Farm consolidation has been having a moment. President Donald Trump’s trade war, some observers suggest, will ultimately benefit the largest farms. At the same time, most of the Democratic presidential candidates are proposing policies that they claim will help small farmers who are suffering at the hands of “big ag.” Farm consolidation, in these accounts, is an unalloyed social and environmental ill.
Yet, while there are environmental and economic impacts associated with agricultural consolidation, particularly in the agribusiness and meat-processing industries, larger farms are in many ways conducive to better environmental outcomes and labor conditions than their mid-sized counterparts.
Farm consolidation is nothing new. US agriculture has been consolidating for more than a century. Small farms disappeared as much of the nation’s population left rural America for opportunities in manufacturing and service economies near urban centers. Subsequently, the number of farms in the United States has fallen by 70 percent since 1935.
More recently, the number of small farms has actually grown. But these farms are responsible for a vanishingly small share of America’s total agricultural output. What has changed in recent decades is actually the disappearance of mid-sized farms as historically large farms consolidate into even larger ones. This trend is at odds with a discourse that casts small family farms as the victims of industrial behemoths. If there is a major economic conflict between the interests of farmers and big agribusiness, it is a conflict between larger farmers and very large agricultural processors like Cargill, ADM, and Tyson Foods.
Further, the long history of ag consolidation has actually corresponded with increasing farm productivity and environmental efficiency.
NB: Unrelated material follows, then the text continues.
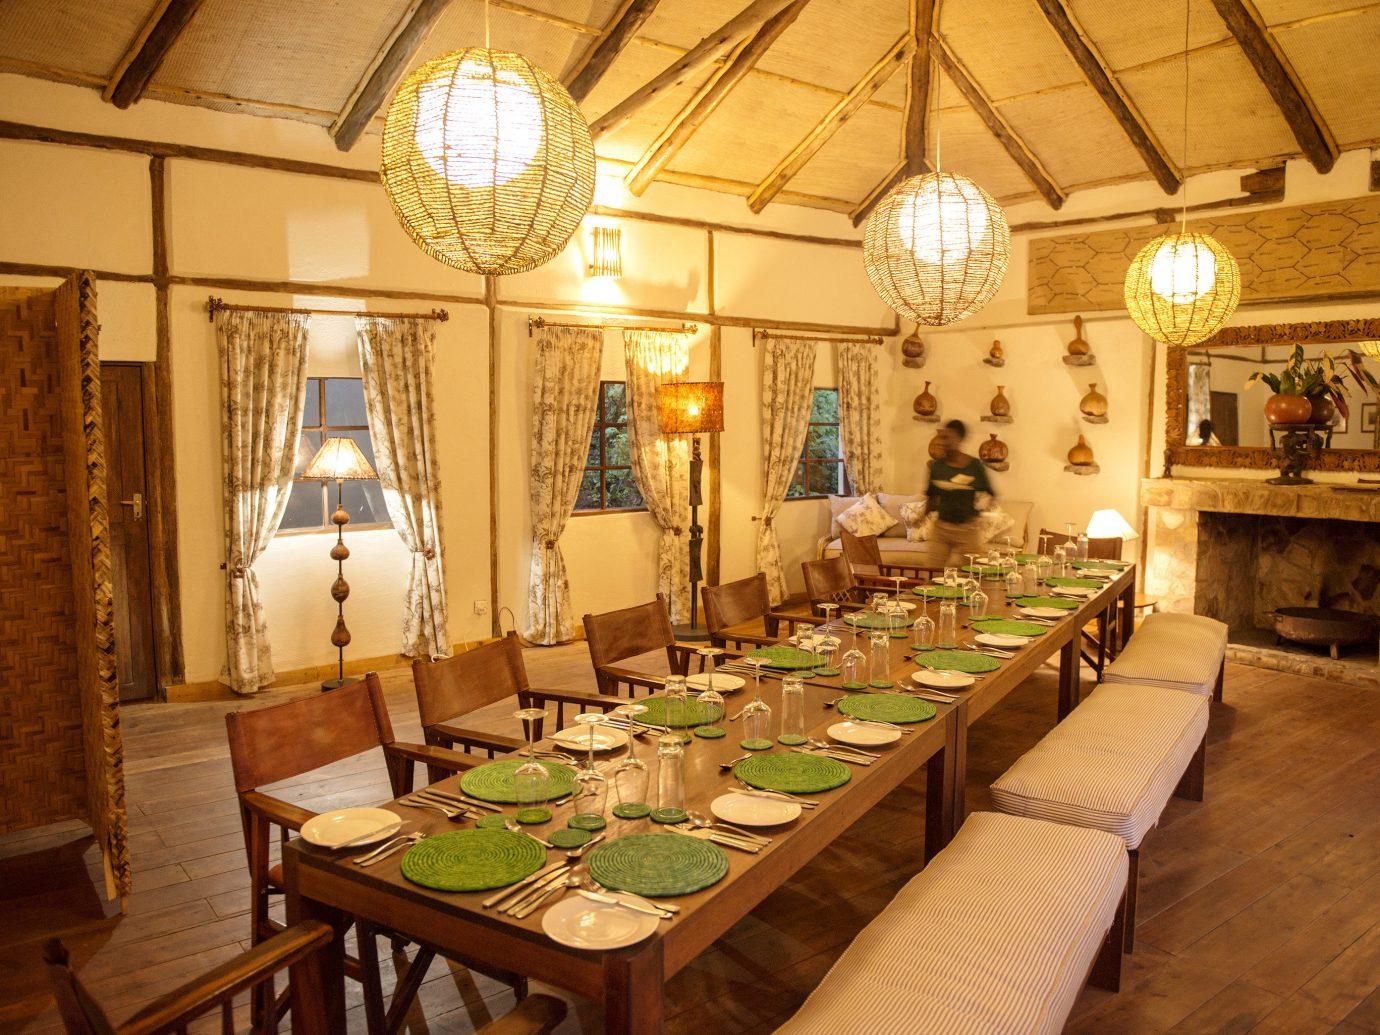 Hotels Outdoors + Adventure indoor table floor room ceiling function hall interior design dining room restaurant estate furniture
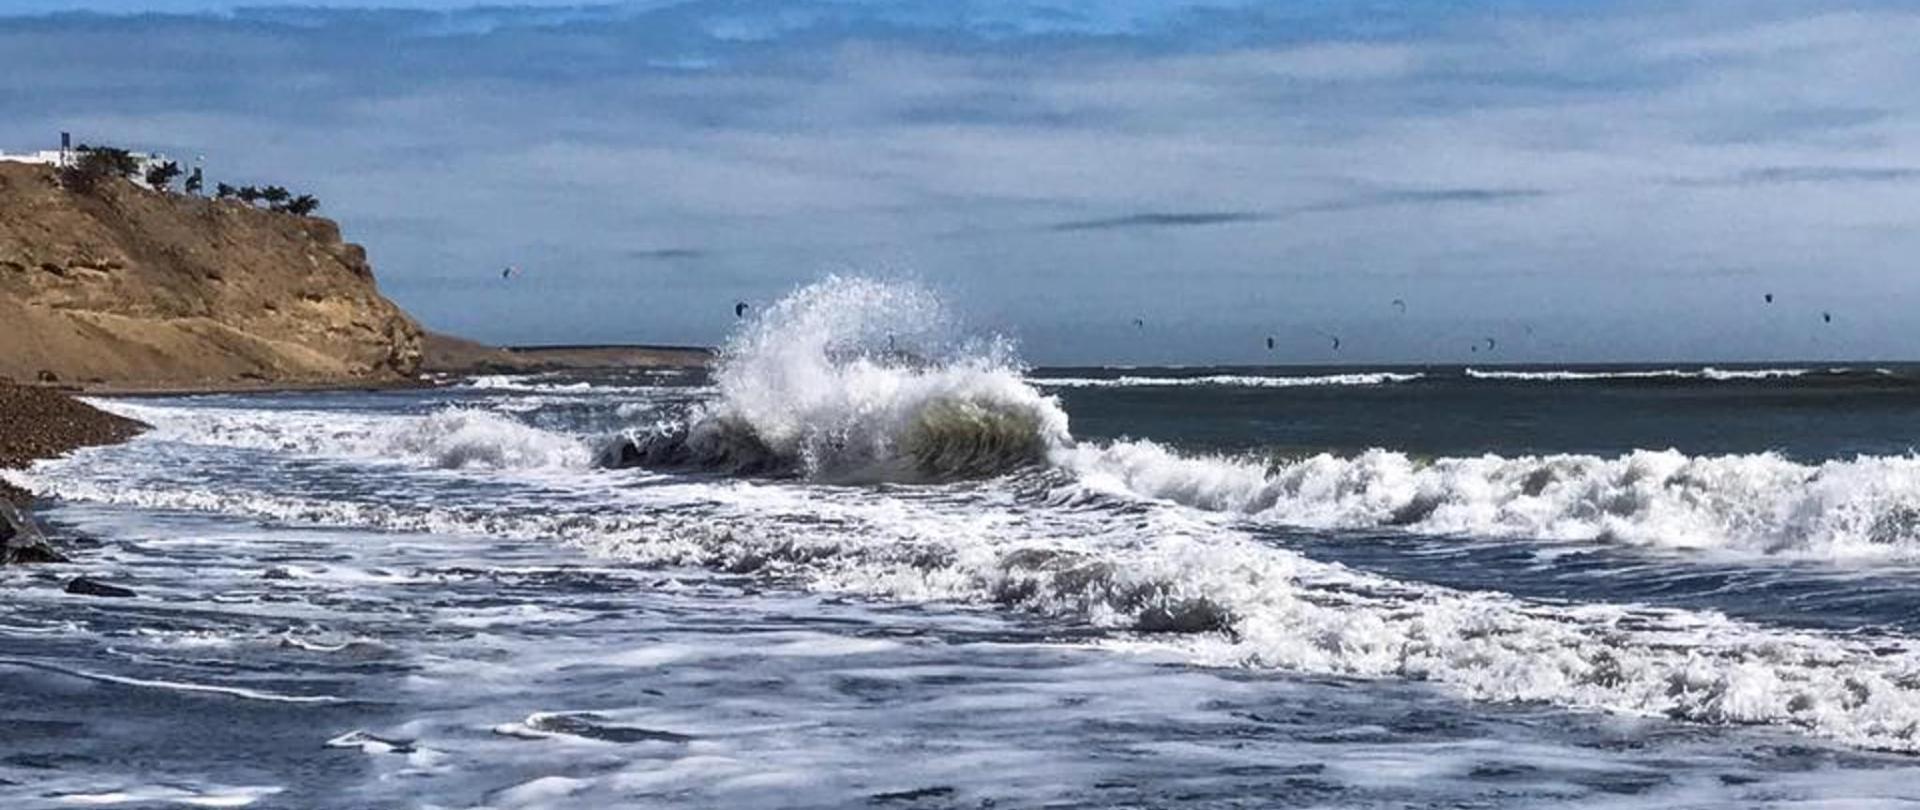 Surf Hotel Hospedaje El Mirador Pacasmayo Peru playa 2.jpg

Higher productivity, driven by technology adoption, remains the primary environmental benefit of farm consolidation. In the United States, yields are higher and have grown faster on large farms. And it is thanks to such yield growth that the worldwide agricultural land use per person is roughly half what it was in 1960, which has massively reduced carbon emissions and habitat loss compared to a flat-yield scenario.
Looking forward, the environmental advantage of larger farms may well grow as they are quicker to adopt cutting-edge agricultural technology. A 2016 USDA ERS report found that adoption rates for three precision agriculture (PA) technologies — GPS soil/yield mapping, guidance systems, and variable-rate technology (VRT) — were highest on farms over 3,800 acres. In addition to boosting productivity, PA technology has the potential to dramatically improve input efficiency and reduce greenhouse gas emissions from crop farming.
Higher productivity, driven by technology adoption, remains the primary environmental benefit of farm consolidation.
While small farms are capable of implementing PA technologies, there is likely a feedback loop between farm size and tech adoption. Larger farms have more capital to invest in new technologies, which in turn boost profits and allow for further technological investment. Also, because PA equipment is highly specialized and difficult to resell, adoption poses a high financial risk that smaller farmers might be unwilling or unable to take.
The relationship between labor conditions and farm size is less clear cut, but still suggestive of an advantage for larger farms. Unfortunately, labor conditions for farmworkers are poor across the board, whether on a large, small, conventional, or organic farm. The average farmworker has low pay, receives few benefits, and faces high rates of sexual harassment and assault. Exacerbating these issues, farmworkers have less bargaining power than employees in many other industries, in part because about half of farmworkers are undocumented.
But while poor conditions are ubiquitous, they may be marginally better and easier to improve on large farms. Large farms are more likely to have their labor conditions audited by the government, and the Affordable Care Act requires employers with more than 50 full-time employees to offer affordable coverage to employees working 30 or more hours per week. Even as of 2009, California farms with more than 25 employees were twice as likely to provide insurance to year-round [workers] as farms with five employees or fewer. Lastly, some farmworkers claim to prefer working on larger farms because they are more likely to provide full-time work and longer gigs.
Of course, the “get big or get out” approach to American agriculture — immortalized by Earl Butz, Richard Nixon’s USDA secretary — has had real social and economic costs for farmers. Consolidation represents the loss of farmers’ livelihoods and the hollowing out of rural America. Still, if we value keeping food prices cheap, combating climate change, and protecting farm laborers, it’s important to at least be honest about the real benefits of farm consolidation.